#### WORK ORDER
The expected output is the first line of the data below and every line after it, up to and including the line containing "Vista-1 - Gafas", each reproduced exactly.

★ ★ ★

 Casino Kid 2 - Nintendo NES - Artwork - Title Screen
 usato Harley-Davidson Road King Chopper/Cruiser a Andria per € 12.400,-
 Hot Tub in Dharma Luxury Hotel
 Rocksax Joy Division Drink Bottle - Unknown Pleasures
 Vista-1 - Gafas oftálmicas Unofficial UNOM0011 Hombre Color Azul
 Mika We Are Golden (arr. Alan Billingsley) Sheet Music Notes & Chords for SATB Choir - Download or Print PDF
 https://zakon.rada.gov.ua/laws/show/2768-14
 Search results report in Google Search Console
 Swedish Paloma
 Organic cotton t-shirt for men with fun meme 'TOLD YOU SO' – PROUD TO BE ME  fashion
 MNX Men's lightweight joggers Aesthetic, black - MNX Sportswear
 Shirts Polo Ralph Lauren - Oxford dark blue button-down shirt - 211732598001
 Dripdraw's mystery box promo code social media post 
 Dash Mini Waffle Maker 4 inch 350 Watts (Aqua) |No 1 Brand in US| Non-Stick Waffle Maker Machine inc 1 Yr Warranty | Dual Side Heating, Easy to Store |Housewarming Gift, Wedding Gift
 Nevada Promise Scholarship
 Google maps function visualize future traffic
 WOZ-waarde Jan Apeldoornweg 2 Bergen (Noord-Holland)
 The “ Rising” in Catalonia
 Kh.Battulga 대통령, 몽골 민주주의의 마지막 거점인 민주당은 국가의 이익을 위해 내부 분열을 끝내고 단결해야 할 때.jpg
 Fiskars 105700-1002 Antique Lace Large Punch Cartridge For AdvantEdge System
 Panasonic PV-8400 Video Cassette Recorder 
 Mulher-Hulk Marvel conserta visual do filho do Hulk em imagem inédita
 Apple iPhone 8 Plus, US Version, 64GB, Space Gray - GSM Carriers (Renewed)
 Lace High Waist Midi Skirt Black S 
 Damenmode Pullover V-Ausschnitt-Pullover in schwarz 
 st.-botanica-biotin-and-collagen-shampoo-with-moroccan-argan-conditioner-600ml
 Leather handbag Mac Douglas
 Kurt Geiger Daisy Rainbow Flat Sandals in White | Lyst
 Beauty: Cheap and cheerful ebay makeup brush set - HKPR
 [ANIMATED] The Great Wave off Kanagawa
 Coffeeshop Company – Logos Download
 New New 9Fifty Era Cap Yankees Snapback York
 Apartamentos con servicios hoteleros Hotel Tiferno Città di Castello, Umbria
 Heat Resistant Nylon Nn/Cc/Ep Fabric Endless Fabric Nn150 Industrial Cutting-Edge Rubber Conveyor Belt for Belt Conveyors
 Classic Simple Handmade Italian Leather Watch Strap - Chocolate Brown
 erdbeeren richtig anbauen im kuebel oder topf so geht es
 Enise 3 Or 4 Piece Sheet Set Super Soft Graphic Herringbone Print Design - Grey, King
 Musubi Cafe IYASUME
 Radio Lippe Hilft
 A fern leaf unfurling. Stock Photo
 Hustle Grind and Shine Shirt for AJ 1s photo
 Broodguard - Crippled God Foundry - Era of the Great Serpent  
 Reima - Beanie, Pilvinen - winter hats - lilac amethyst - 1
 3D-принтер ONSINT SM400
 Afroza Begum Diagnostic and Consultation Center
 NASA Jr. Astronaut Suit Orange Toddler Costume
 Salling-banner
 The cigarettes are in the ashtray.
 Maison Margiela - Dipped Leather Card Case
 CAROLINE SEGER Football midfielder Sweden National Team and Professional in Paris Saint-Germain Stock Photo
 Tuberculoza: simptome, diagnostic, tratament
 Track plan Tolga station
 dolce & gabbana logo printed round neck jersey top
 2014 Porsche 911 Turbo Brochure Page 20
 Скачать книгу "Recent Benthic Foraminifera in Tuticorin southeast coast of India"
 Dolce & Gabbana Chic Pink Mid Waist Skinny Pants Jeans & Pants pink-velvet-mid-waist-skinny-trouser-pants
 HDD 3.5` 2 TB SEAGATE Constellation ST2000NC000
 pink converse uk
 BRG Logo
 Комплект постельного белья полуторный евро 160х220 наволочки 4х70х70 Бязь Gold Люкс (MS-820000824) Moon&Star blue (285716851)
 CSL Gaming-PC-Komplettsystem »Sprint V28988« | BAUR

★ ★ ★

#### ANSWER SECTION
 Casino Kid 2 - Nintendo NES - Artwork - Title Screen
 usato Harley-Davidson Road King Chopper/Cruiser a Andria per € 12.400,-
 Hot Tub in Dharma Luxury Hotel
 Rocksax Joy Division Drink Bottle - Unknown Pleasures
 Vista-1 - Gafas oftálmicas Unofficial UNOM0011 Hombre Color Azul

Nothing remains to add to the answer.